CC: Qual a proposta nesta área?

GB: A legalização da maconha. Existem várias experiências internacionais bem-sucedidas, o Uruguai é um caso, o Canadá é outro.

CC: Só a maconha seria legalizada?

GB: No caso das outras drogas, proponho um processo de descriminalização. Este não é um assunto do Código Penal. O abuso no consumo é um problema do Sistema Único de Saúde. A guerra às drogas não resolve. Nos últimos 30 anos, o narcotráfico se enfraqueceu? O consumo caiu? Não. Mas analisemos o que foi feito em relação ao tabaco. O Brasil é um case internacional no combate ao tabagismo, premiado na Organização Mundial da Saúde.

O consumo reduziu-se em duas décadas, drasticamente. Como se fez? Proibiu-se a venda de cigarro? Não. Adotamos um trabalho de prevenção por meio de campanhas educativas, com a restrição dos lugares de uso, a proibição de propaganda e o aumento da tributação. O resultado foi a redução do consumo.

CC: O senhor concorda com a tese de que sem Lula, líder das pesquisas, na disputa, esta eleição é uma farsa?

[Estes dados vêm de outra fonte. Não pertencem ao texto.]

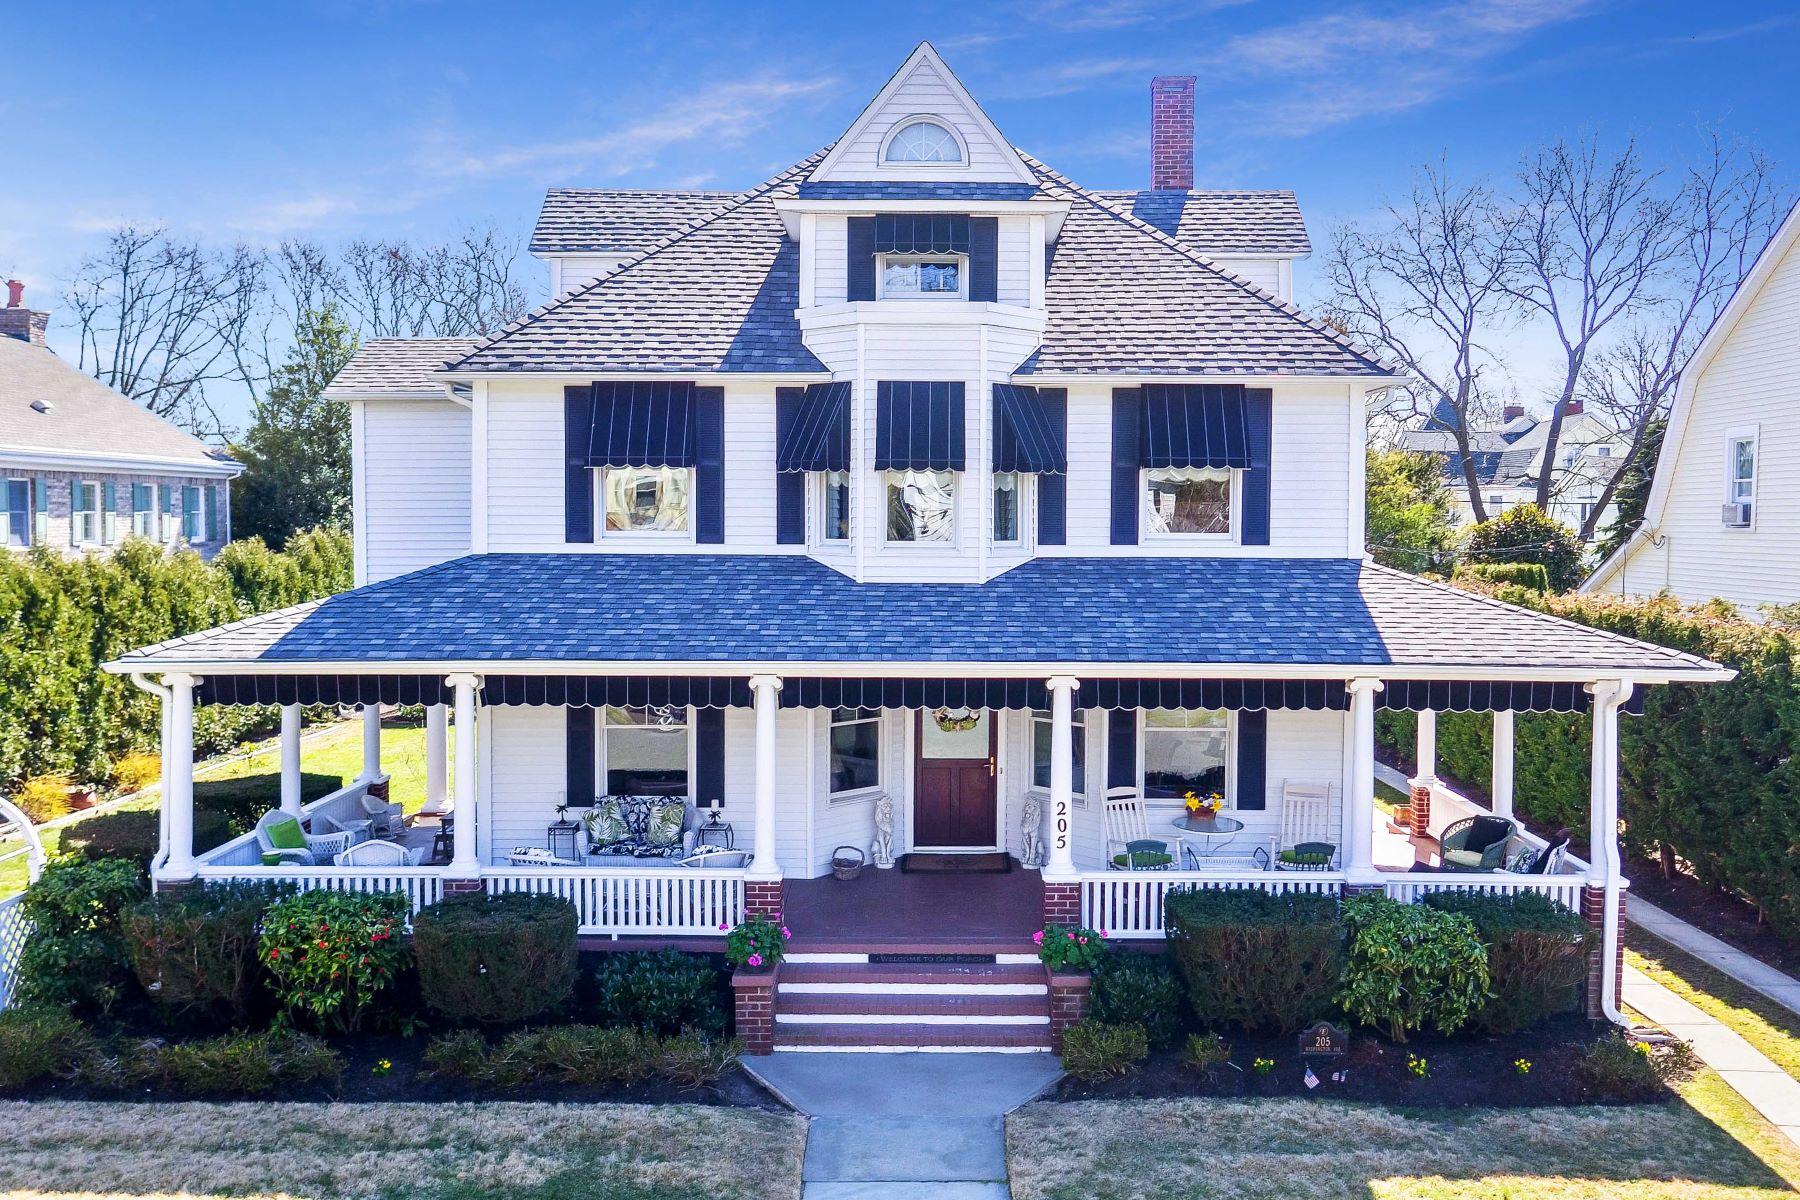 Einfamilienhaus für Verkauf beim Wonderful on Washington 205 Washington Spring Lake, New Jersey, 07762 Vereinigte Staaten

GB: A democracia brasileira foi corroída por sucessivos golpes. Assistimos à ascensão do Temer com o processo de impeachment, conduzido de maneira ilegítima pelo Eduardo Cunha. Vimos a implementação de uma agenda que não teve o respaldo das urnas. Houve a prisão política do Lula. Evidentemente, as eleições não ocorrem em condições normais. E eu tenho alertado sobre isso em todas as ocasiões.